Gumilyov did not come to the lyrics of “Pillar of Fire” right away. A significant milestone after “The Quiver” were the works of his Paris and London albums, published in “The Fire” (1918). Already here the author’s thoughts about his own worldview prevail. He proceeds from the “smallest” observations - of the trees, the “orange-red sky”, the “honey smelling meadow”, the “sick” in the ice-drifted river. The rare expressiveness of the “landscape” is amazing. But it is not nature itself that captivates the poet. Instantly, before our eyes, the secret of the bright sketch is revealed. This clarifies the true purpose of the verses. Is it possible, for example, to doubt a person’s courage after hearing his call to the “scarce” earth: “And become, as you are, a star / permeated through and through with Fire!”? He looks everywhere for opportunities to “rush after the light.” It’s as if Gumilyov’s former dreamy, romantic hero has returned to the pages of the new book. No, this is the impression of a moment. Mature, sad comprehension of existence and one’s place in it is the epicenter of “Bonfire.” Now, perhaps, it is possible to explain why the long road called to the poet. The poem “Eternal Memory” contains an antinomy: And here is all life!

Whirling, singing,

Seas, deserts, cities,

Flickering reflection

Lost forever.

And here again delight and grief,

Again, as before, as always,

The sea waves its gray mane,

Deserts and cities rise.

The hero wants to return what is “lost forever” to humanity, not to miss something real and unknown in the inner being of people. Therefore, he calls himself a “gloomy wanderer” who “must travel again, must see.” Under this sign, encounters with Switzerland, the Norwegian mountains, the North Sea, and a garden in Cairo appear. And on a material basis, capacious, generalizing images of sad wandering are formed: wandering - “like along the beds of dried up rivers,” “blind transitions of space and time.” Even in a loop love lyrics(D. Gumilyov experienced an unhappy love for Elena in Paris) the same motives are read. The beloved leads “the heart to heights,” “scattering stars and flowers.” Nowhere, as here, did such sweet delight in front of a woman sound. But happiness is only in a dream, in delirium. But in reality - longing for the unattainable:

Here I stand before your door,

There is no other way given to me.

Even though I know that I wouldn't dare

Never enter this door.

The already familiar spiritual collisions in the works of “The Pillar of Fire” are embodied immeasurably deeper, more multifaceted and more fearlessly. Each of them is a pearl. It is quite possible to say that with his word the poet created this long-sought treasure. This judgment does not contradict the general concept of the collection, where creativity is given the role of a sacred act. There is no gap between what is desired and what is accomplished for an artist.

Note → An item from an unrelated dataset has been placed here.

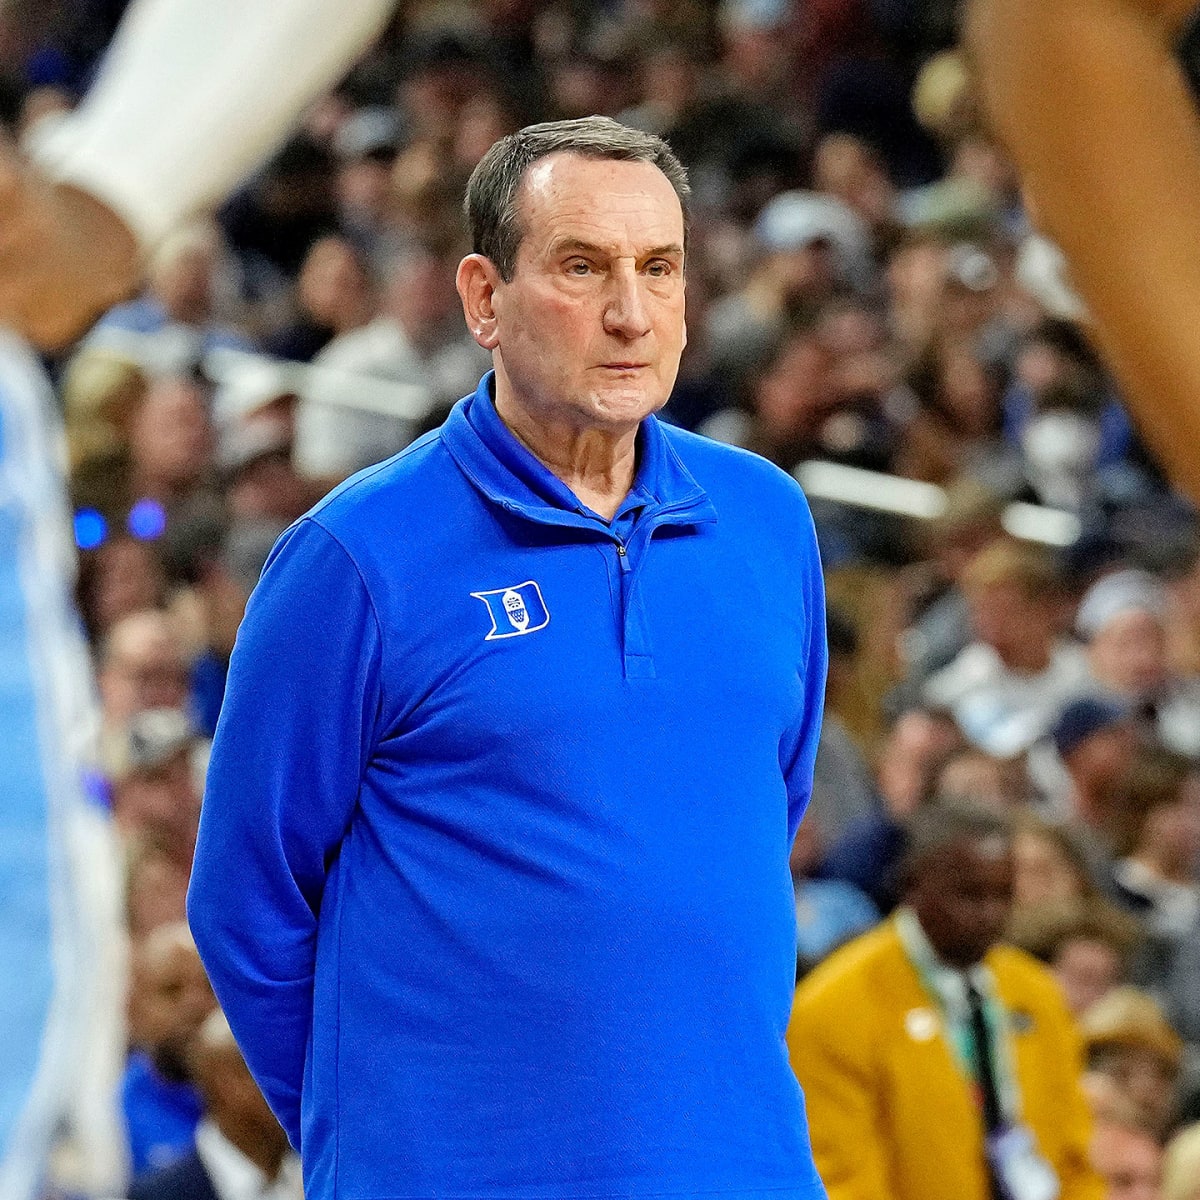 Coach K sees destiny denied as Duke loss sends him to retirement - Sports  Illustrated

The poems are born of eternal problems - the meaning of life and happiness, the contradiction of soul and body, ideal and reality. Addressing them imparts to poetry a majestic severity, precision of sound, the wisdom of the parable, and aphoristic precision. One more feature is organically woven into the seemingly rich combination of these features. It comes from a warm, excited human voice. More often - the author himself in an uninhibited lyrical monologue. Sometimes - objectified, although very unusual, “heroes”. Emotional coloring complex philosophical search makes it, the search, part of the living world, causing excited empathy.

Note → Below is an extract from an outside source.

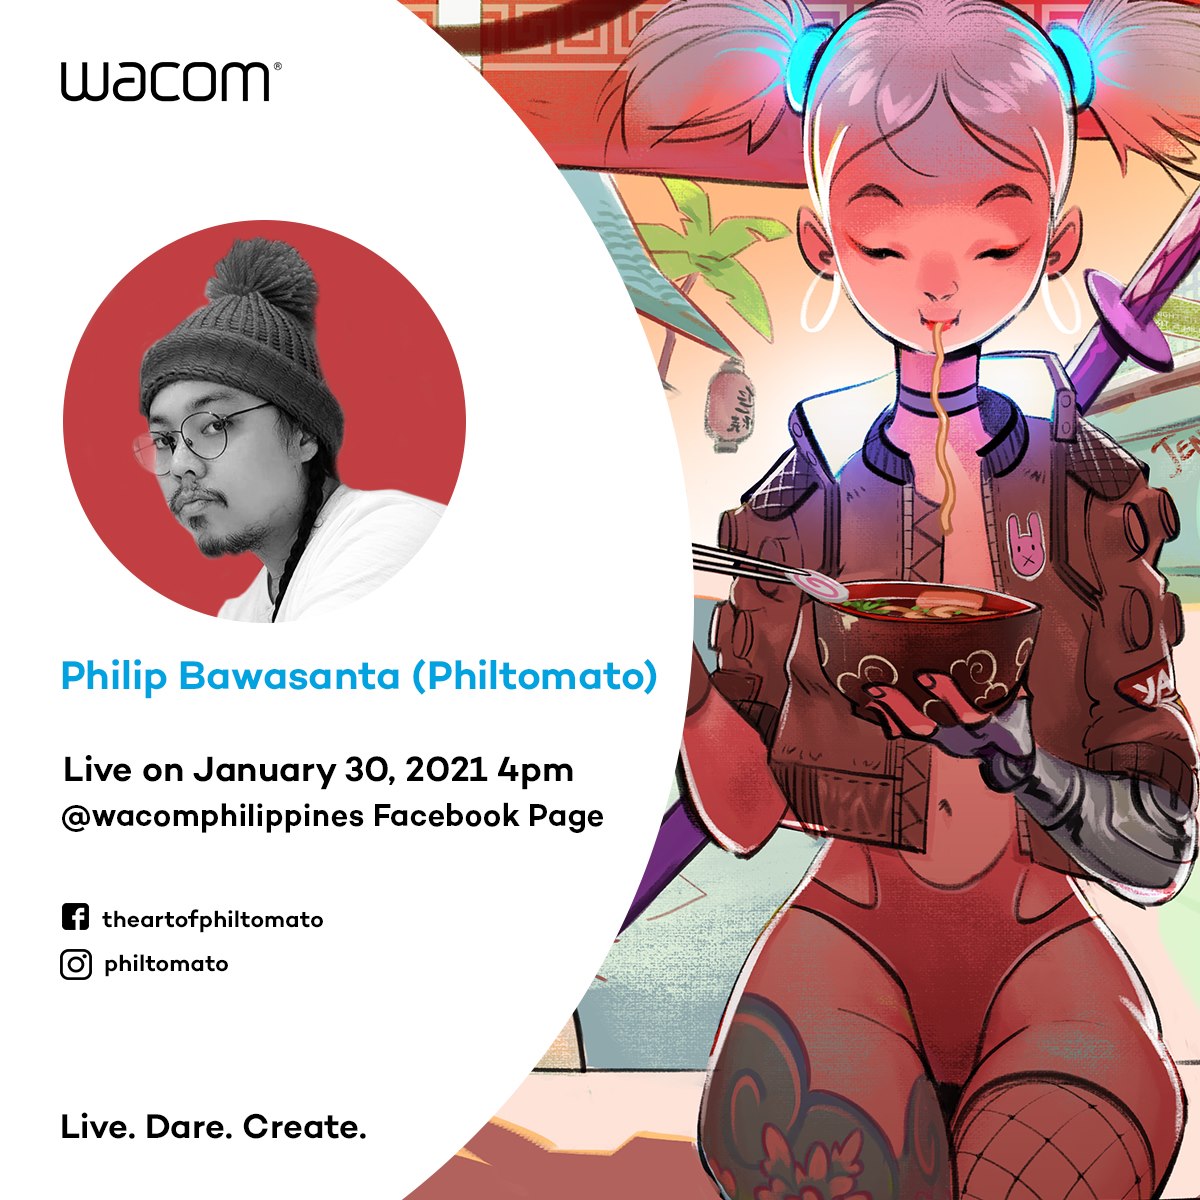 I'll be going live on saturday during @wacom 's live stream to talk about gesture and flow. Please catch the stream and say hi! https://t.co/gIMBPXvW1A

Reading The Pillar of Fire awakens a feeling of ascent to many heights. It is impossible to say which dynamic turns of the author’s thought are more disturbing in “Memory”, “Forest”, “Soul and Body”. Already the opening stanza of “Memory” strikes our thoughts with a bitter generalization: Only snakes shed their skins.

So that the soul ages and grows,

Unfortunately, we are not like snakes,

We change souls, not bodies.

Then the reader is shocked by the poet's confession about his past. But at the same time, a painful thought about the imperfection of human destinies. These first nine heartfelt quatrains suddenly lead to a chord that transforms the theme: I am a gloomy and stubborn architect

Temple rising in the darkness

I was jealous of the glory of the Father

As in heaven and on earth.

And from him - to the dream of the flourishing of the earth, our native country. And here, however, there is no end yet. The final lines, partially repeating the original ones, carry a new sad meaning - a feeling of the temporary limitations of human life. The poem, like many others in the collection, has a symphonic development.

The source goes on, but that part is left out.